Generating the token masks thus only requires a dictionary lookup at each state. Our method blows other libraries like Microsoft's guidance out of the water.
From there it was only a small leap to be able to generate text that follows a JSON schema (https://json-schema.org/), or is parseable into a Pydantic model (https://docs.pydantic.dev/latest/usage/models/). The method works with union types, optional types, nested schemas, arrays, everything. It is guaranteed that the output is parseable.
I think it's cool, and I've spent a lot of time watching even tiny models output valid JSON over the weekend. Hope you will too.
I look forward to feedback, bug reports, feature requests and discussions!
Edit: Link to our pre-print explaining the method and how this can be extended to generate text that follows a Context-Free Grammar https://arxiv.org/abs/2307.09702
[+] [-] activatedgeek|2 years ago|reply
I am curious, however, for the ones who have played around with such libraries wrapping base LLMs with output structure: do base models like Llama2 work very well?
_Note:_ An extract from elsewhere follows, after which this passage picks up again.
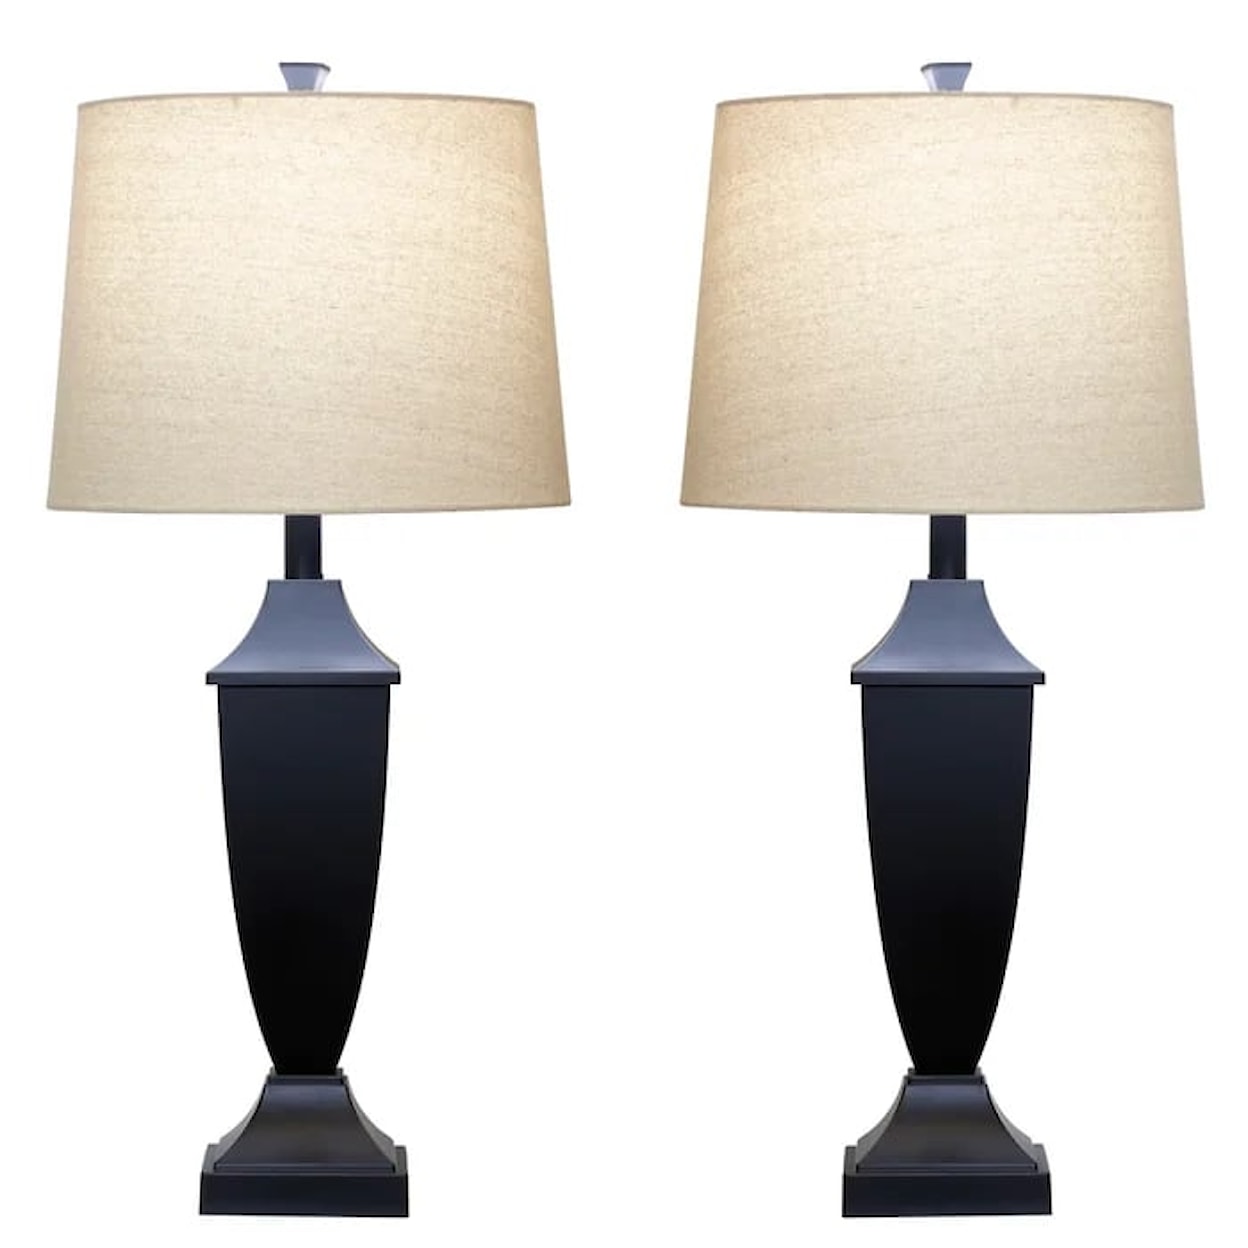 StyleCraft Lamps Pair of Classic Table Lamps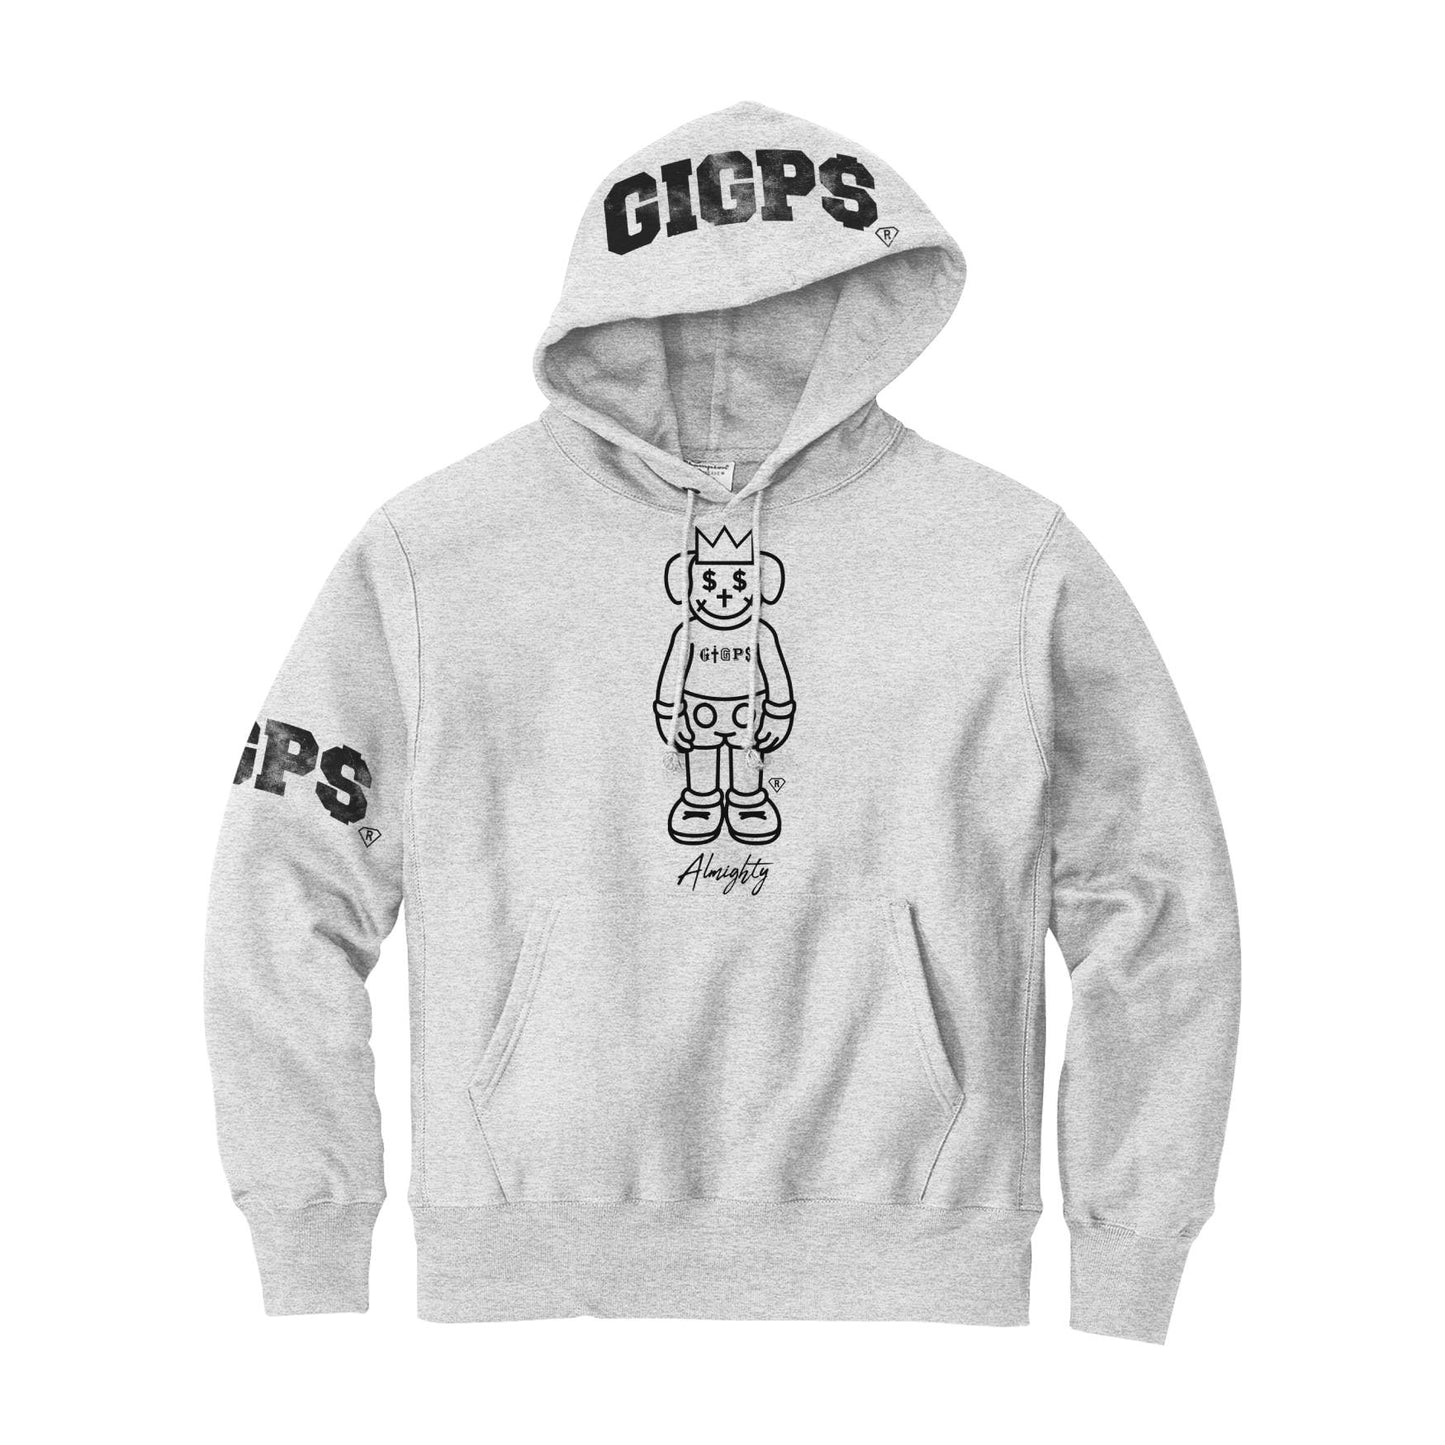 ALMIGHTY OREO COOKIE HOODIE - WHITE

My experience says "hell no!" and you do need a fair bit of instruction-tuning for specific use cases to actually get things to work.
And even then, it seems very counter-intuitive to me that given an instruction-tuned model, post-hoc masking of the state-space during generation then amounts to just changing the generation distribution, and potentially detrimental to instruction-tuning?
[+] [-] make3|2 years ago|reply
About your second point, the goal is that the model can only generate JSON (for example), which can 100% be done by constraining which output token can and cannot be used.
[+] [-] simonw|2 years ago|reply
I'm using the MLC version (since that works with a GPU on my M2 Mac) via my https://github.com/simonw/llm-mlc plugin.
[+] [-] LakshyAAAgrawal|2 years ago|reply
In our paper titled "Guiding Language Models of Code with Global Context using Monitors" (https://arxiv.org/abs/2306.10763), we propose Monitor Guided Decoding, which interfaces LLMs to static analysis, and guides the model to generate type-consistent code. Without any kind of fine-tuning, we show that using static analysis to guide token level generation at specific points leads to significantly improved quality of generated code, both in terms of compilability and match with ground truth. Even very small models (1.1B) are able to generate more compilable code than much larger models (175B) while also improving on match with ground truth.
[+] [-] ethbr1|2 years ago|reply
Isn't that what we did with test driven development?
The primary difference was our generator functions were human instead of LLM. Why not cut out the middle-human?
[+] [-] Havoc|2 years ago|reply
The instruction tuning part is "trivial"...it's the dealing with edge cases part that gets me.
With classic code edge cases are well insignificant edge cases. With LLM you never know what will make it go off on a tangent & the parsing code needs to deal with that chaos.
Or put differently the % of cases that are edge cases seems to have gone up dramatically
[+] [-] panarky|2 years ago|reply
But it's still probabilistic, and nine times out of ten isn't good enough.
Occasionally it will hallucinate responses like this:
{"key1": "value1", "key2": "value2" for i in range(n)}
Re-prompting with the parsing error message is usually enough to get it on the second try.
But escaping double-quotes and newline characters is less reliable. Even after giving it multiple examples, it correctly escapes only about half the time.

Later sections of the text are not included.